Prompt caching lets you cache repeated prompt prefixes (system prompts, few-shot examples, large documents) at a 90% discount on subsequent requests. You mark cacheable content with cache_control headers. On the first request, the cached content is stored. On subsequent requests with the same prefix, you pay only 10% of the normal input token cost. This dramatically reduces costs for applications with consistent system prompts.
How does streaming work in the Anthropic API?
Streaming delivers tokens as they are generated rather than waiting for the full response. You use client.messages.stream() instead of client.messages.create(), then iterate over stream.text_stream to receive tokens in real-time. This reduces perceived latency from seconds to milliseconds for the first token. An async variant using AsyncAnthropic is available for web server integrations.
How does the Anthropic API handle multi-turn conversations?
The Messages API is stateless, so your application must maintain and resend the full conversation history with each request. You append each user message and assistant response to a messages list, then pass that entire list in every API call. The API does not remember previous calls — conversation state management is entirely your responsibility.
What vision and multimodal capabilities does the Anthropic API support?
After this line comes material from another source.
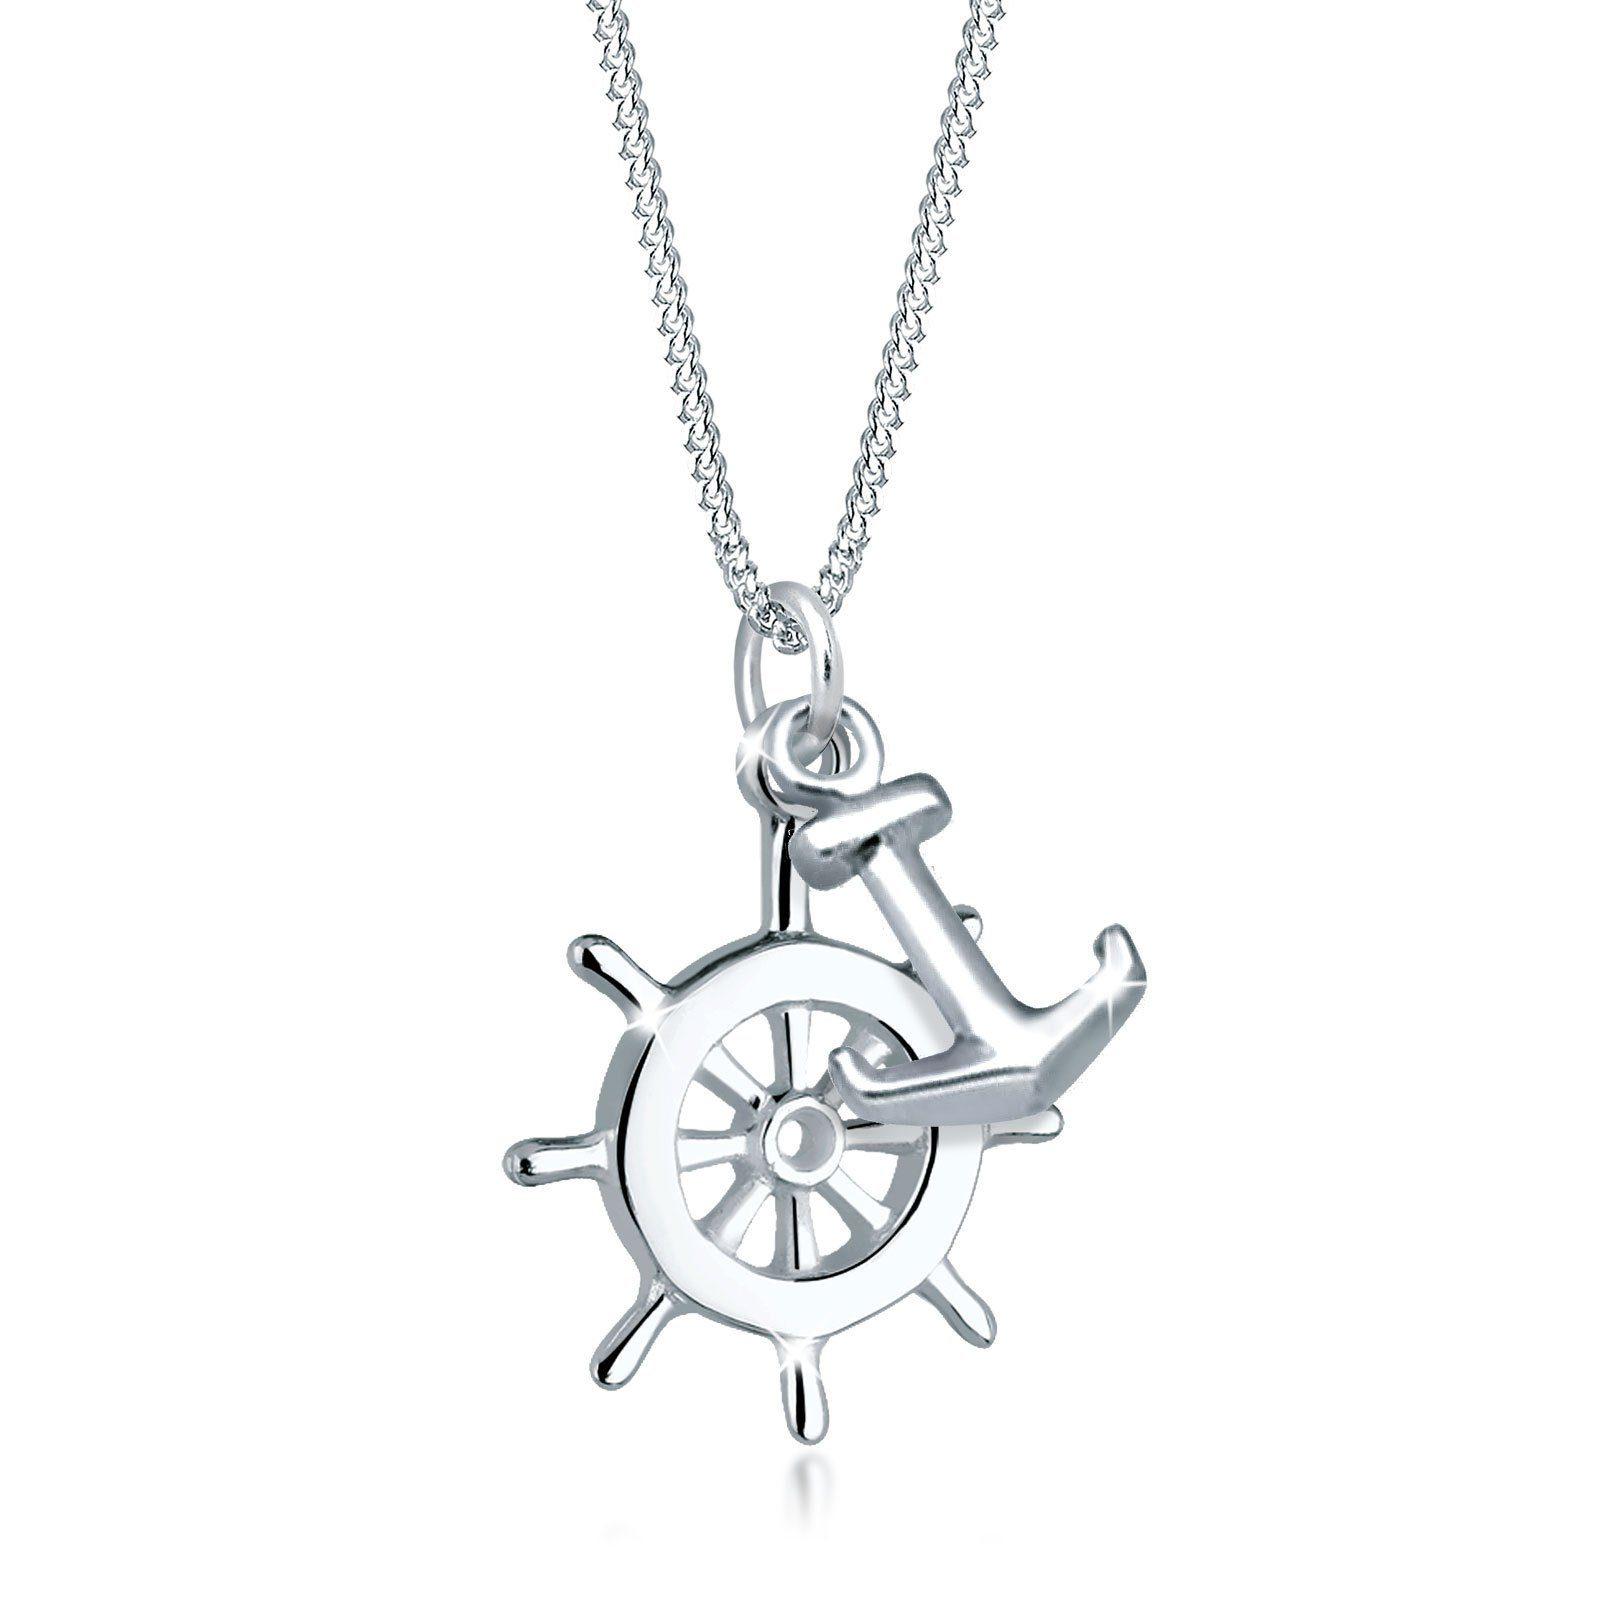 Elli Halskette »Steuerrad Anker Maritim 925 Sterling Silber«

Claude models accept images alongside text for tasks like document OCR, chart analysis, UI review, and diagram-to-code generation. You send images as base64-encoded data in the message content array. Supported formats are JPEG, PNG, GIF, and WebP with a maximum size of 20 MB per image. Images consume tokens based on their dimensions — a 1024x1024 image uses approximately 1,600 tokens.
What are common Anthropic API failure patterns and how do I handle them?
Common failures include overloaded_error from high API traffic (fix with exponential backoff retries), truncated output from max_tokens set too low, and tool use infinite loops where the model repeatedly calls the same tool (fix with a max iteration count). The SDK includes built-in retry logic with configurable max_retries, and you should always check stop_reason to detect truncated responses.
How much does the Anthropic API cost per request?
Anthropic charges separately for input and output tokens. Claude Haiku 3.5 costs $0.80/$4.00 per million tokens (input/output), Sonnet 4 costs $3.00/$15.00, and Opus 4 costs $15.00/$75.00. For example, 1,000 short Q&A requests (500 in / 200 out tokens each) cost $1.20 on Haiku versus $22.50 on Opus. Prompt caching can reduce input costs by up to 90% for repeated prefixes.
What is the Batch API and when should I use it?
The Batch API processes up to 10,000 requests asynchronously at 50% reduced cost with a 24-hour turnaround. It is ideal for offline processing jobs like dataset labeling, bulk classification, and document analysis where you do not need real-time responses. You submit a batch of requests, poll for completion, then stream the results.